Campbell’s and GMOs: a case study in consumer engagement
alva has been monitoring the reputational risks and opportunities associated with Genetrically Modified Organisms (GMOs) for several years, and, over the past several months, the discussion around GMO labelling has continued, especially in several US states currently debating the possibility of legislation requiring labelling of products containing GMOs.
While potential health risks associated with GMOs have been subject to debate, the transparency and consumer rights linked with product labelling have garnered more consistent praise.
Over the last six months, GMO labelling coverage peaked in August, in line with US Congressional debates around the Safe and Accurate Food Labeling Act, which would prevent states from mandating GMO labels. However, the introduction of the GMA’s SmartLabel initiative has boosted coverage around GMO labelling in the last two months.
Another specific initiative boosting recent GMO coverage is a company’s decision to voluntarily label GMO ingredients.
Soup maker Campbell’s has recently become the “first major company” to commit to labelling all products that contain GMOs. The company’s decision represents a split from the rest of the sector, where some food manufacturers have staunchly opposed calls for GMO labelling.
So how has Campbell’s reputation been affected by its GMO labelling decision?
alva analysed over 13,000 pieces of publicly-available content to measure which messages have generated the most reputational positivity for Campbell’s, and from which stakeholder groups. This data was sourced from print, online, broadcast and social media among others and it covered global English language content.
Coverage of Campbell’s GMO labelling decision was 98% positive or neutral.
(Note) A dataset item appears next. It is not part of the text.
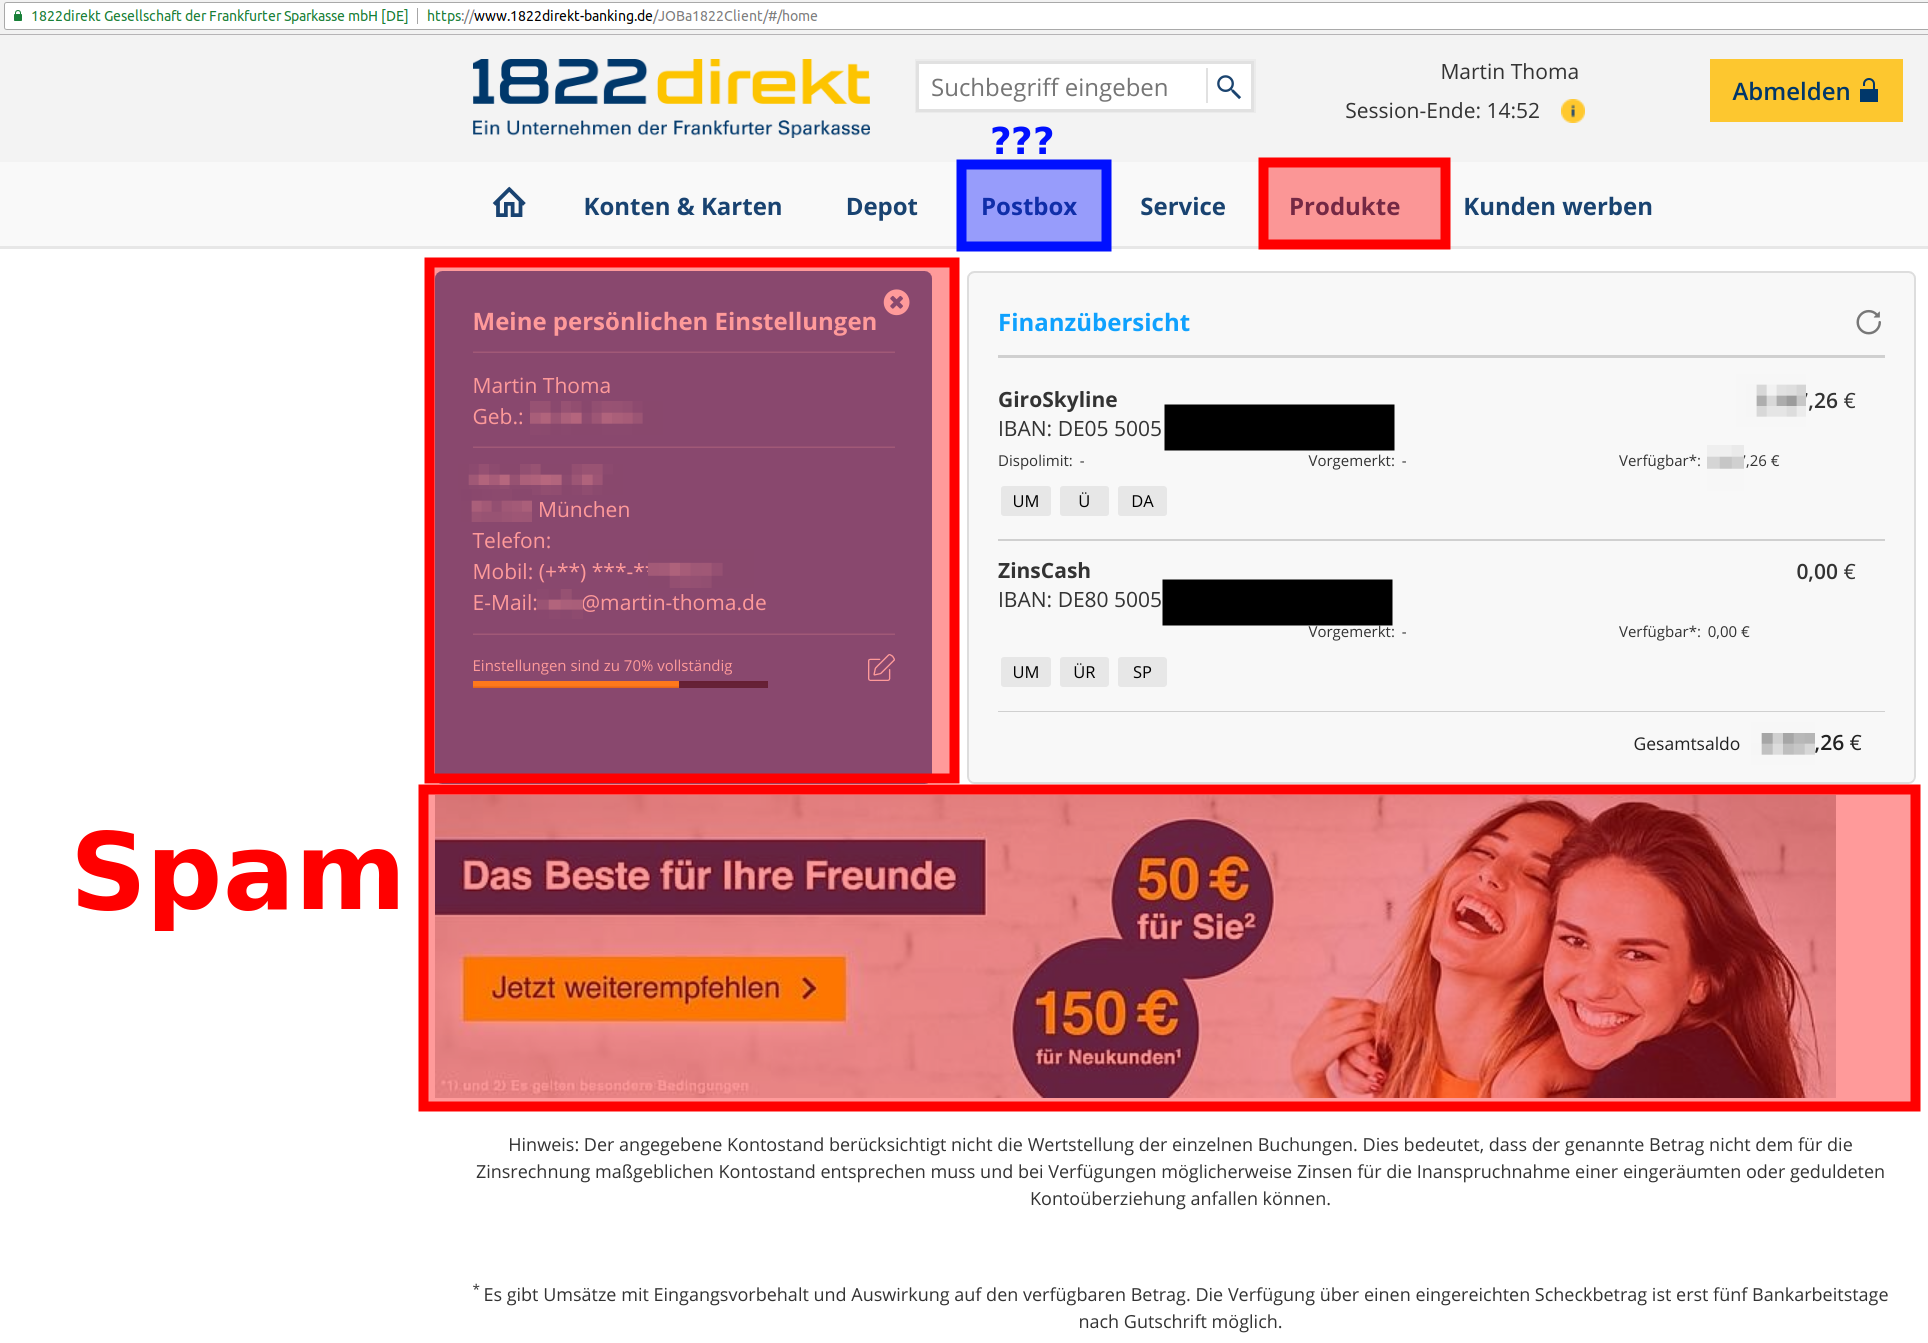 1822direkt shows this as a first page after login

Listening to consumers: Of coverage that was explicitly positive, 31% thanked Campbell’s for “listening to consumers” in its decision. NGO EWG was re-tweeted or mentioned over 480 times, amplifying this message on social media – the ultimate consumer medium.
First-mover: 20% of positive content focused on Campbell’s as the first US company and large food manufacturer to label GMO ingredients. It is likely that first-mover advantage was amplified by national media coverage and will have made this issue more positively impactful and longer-lasting for Campbell’s than it will be for other companies in future. alva has seen similar trends emerge in relation to Living Wage accreditation and the discontinuation of premium rate phone lines in the financial services sector.
Transparency: Transparency was the third most visible positive message (10%) related to Campbell’s after its labelling announcement in January. Opinion leaders and industry experts including “America’s truth news bureau” Natural News, chefs Andrew Zimmern and Michael Pollan, actress Beth Riesgraf and B Corp sustainability publication Triple Pundit on social media “thanked” the company for furthering transparency in the food industry.
By sticking its head above the parapet with its labelling decision, Campbell’s has begun to build a reputation as a consumer-focused, transparent organisation that has “split” from industry norms. The risk here is that Campbell’s might become an easy target for claims of hypocrisy or impure motives or simply not going “far enough”. However, thus far, the reputational benefits seem to have outweighed these risks, as NGOs, national media, opinion leaders and industry experts who have an opinion tend to have a positive one.
Other companies thinking of making a similar decision could learn from Campbell’s and position themselves as responding to customers’ calls for transparency – messaging that generated positivity across multiple stakeholders – in addition, of course, to any proven health risks.